It is the oxide of the metallic element zirconium. Zirconium dioxide, known as baddeleyite, is found as a naturally occurring mineral, but with a different, monoclinic, crystalline structure. To induce it to crystallise in the cubic system, it is 'doped' with small additions of other minerals, mainly yttrium or calcium. Cubic zirconia should not be confused with zircon, which is a rare naturally occurring gemstone. Because of its low cost, durability, and close visual likeness to diamond, synthetic cubic zirconia has remained the most gemologically and economically important diamond simulant since 1976. Its main competition as a synthetic gemstone is the more recently cultivated material simulated moissanite.
It is a dense substance with a specific gravity between 5.6-6. Cubic zirconia is relatively hard, at about 8.5 on the Mohs scale - nowhere near diamond, but much harder than most natural gems.
Cubic zircon is colourless whereas only the rarest of diamonds are truly colorless, most having a tinge of yellow or brown to some extent. By comparison, CZ can be made in most cases entirely colourless, equivalent to a perfect "D" on diamond's color grading scale.
The addition of certain metal oxide dopants into the feed powder results in a variety of vibrant colors. For example, the addition of cerium results in yellow, orange or red. Chromium creates green. Neodymium results in purple, erbium creates pink and titanium results in golden brown.
In recent years manufacturers have sought ways of distinguishing their product by supposedly 'improving' cubic zirconia. Coating finished CZs in a film of diamond-like carbon (DLC) or Amorphous Diamond is one such innovation, a process using chemical vapour deposition. The resulting material is purportedly harder, more lustrous and more like diamond overall. The coating is thought to quench the excess fire of CZ, while improving its refractive index, thus bringing it more in line with diamond.
Another technique first applied to quartz and topaz has also been adapted to cubic zirconia: vacuum-sputtering an extremely thin layer of metal oxide (typically gold) onto the finished stones creates an iridescent effect. Unlike DLC, the surreal effect is not permanent, as abrasion easily removes the oxide layer.

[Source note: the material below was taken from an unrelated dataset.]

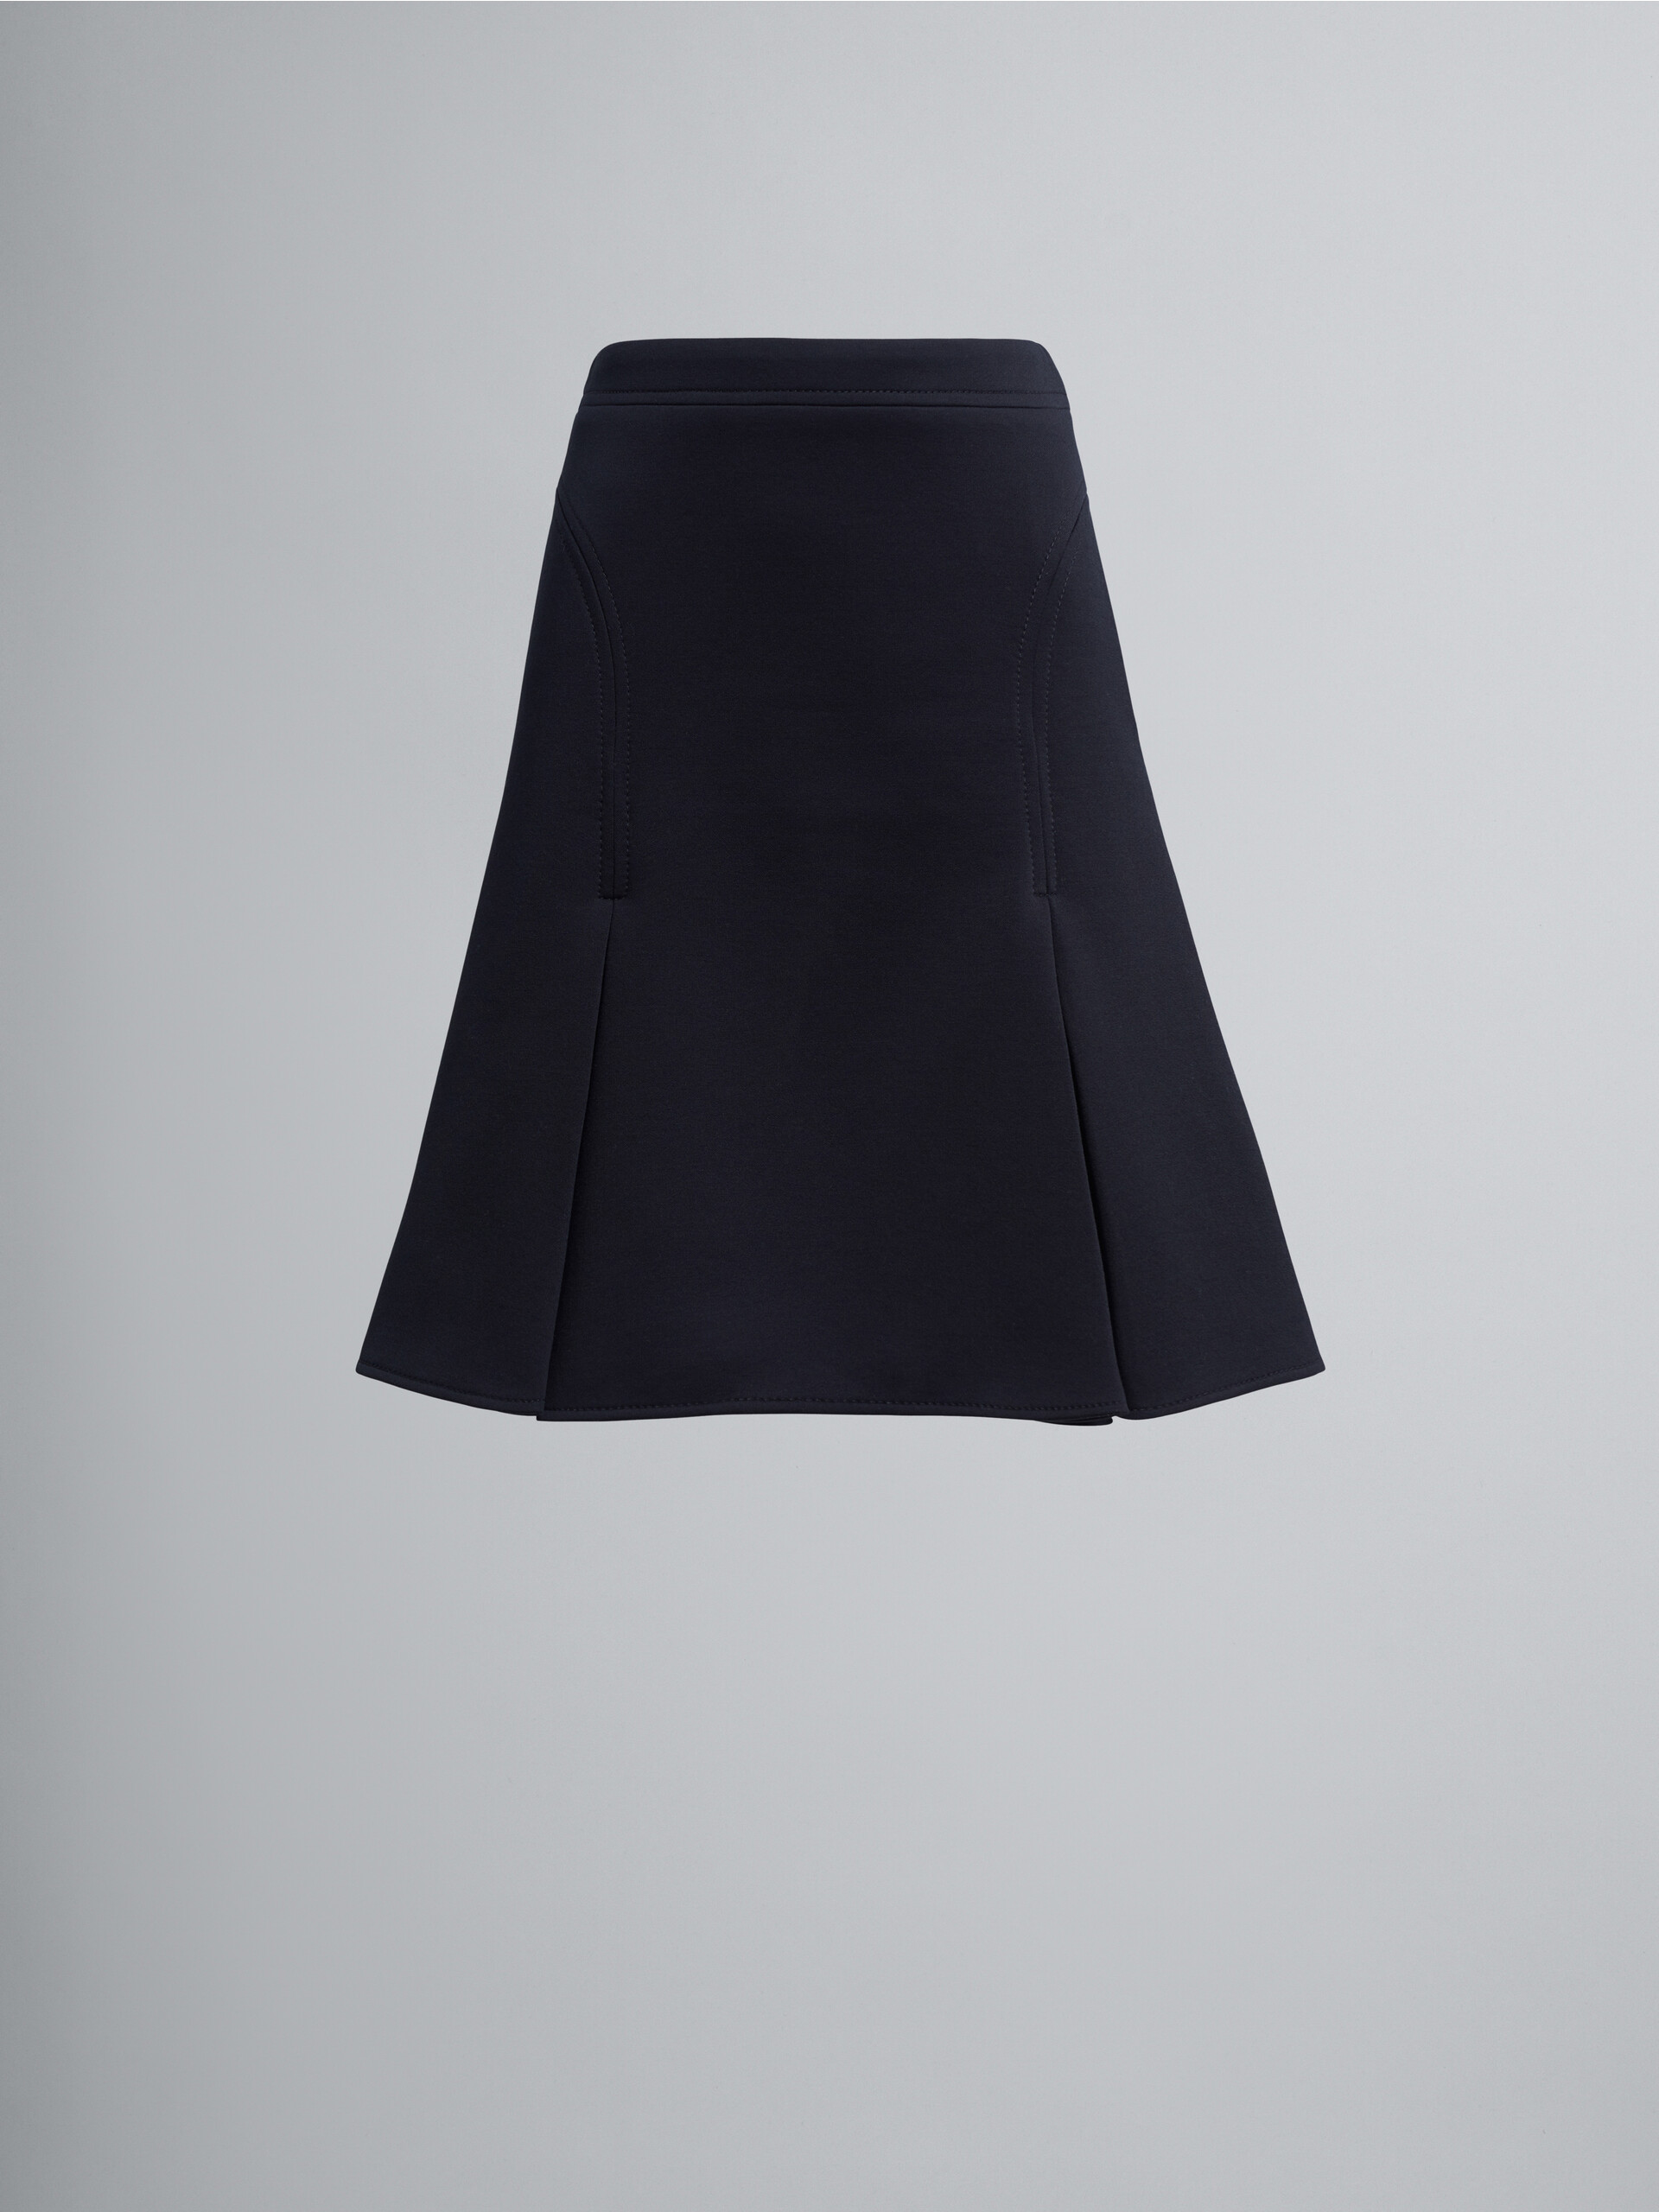 Double face jersey skirt - Skirts - Image 1

Cubic zirconia is so optically close to diamond that only a trained eye can easily differentiate the two. There are a few key features of CZ which distinguish it from diamond, some observable only under the microscope or loupe, for example, dispersion. With a dispersive power greater than diamond (0.060 vs. 0.044) the more prismatic fire of CZ can be seen by even an untrained eye. CZ has an 8.5 to 9.0 on the Mohs hardness scale. CZs are heavyweights in comparison to diamonds; a CZ will weigh about 1.7 times more than a diamond of equivalent size. Obviously, this difference is only useful when examining loose stones. Contemporary production of cubic zirconia is virtually flawless, whereas most diamonds have some sort of defect, be it a feather, included crystal, or perhaps a remnant of an original crystal face (e.g. trigons). CZ has a refractive index of 2.176, compared to a diamond's 2.417. Under close inspection with a loupe, the facet shapes of some CZs appear different from diamonds.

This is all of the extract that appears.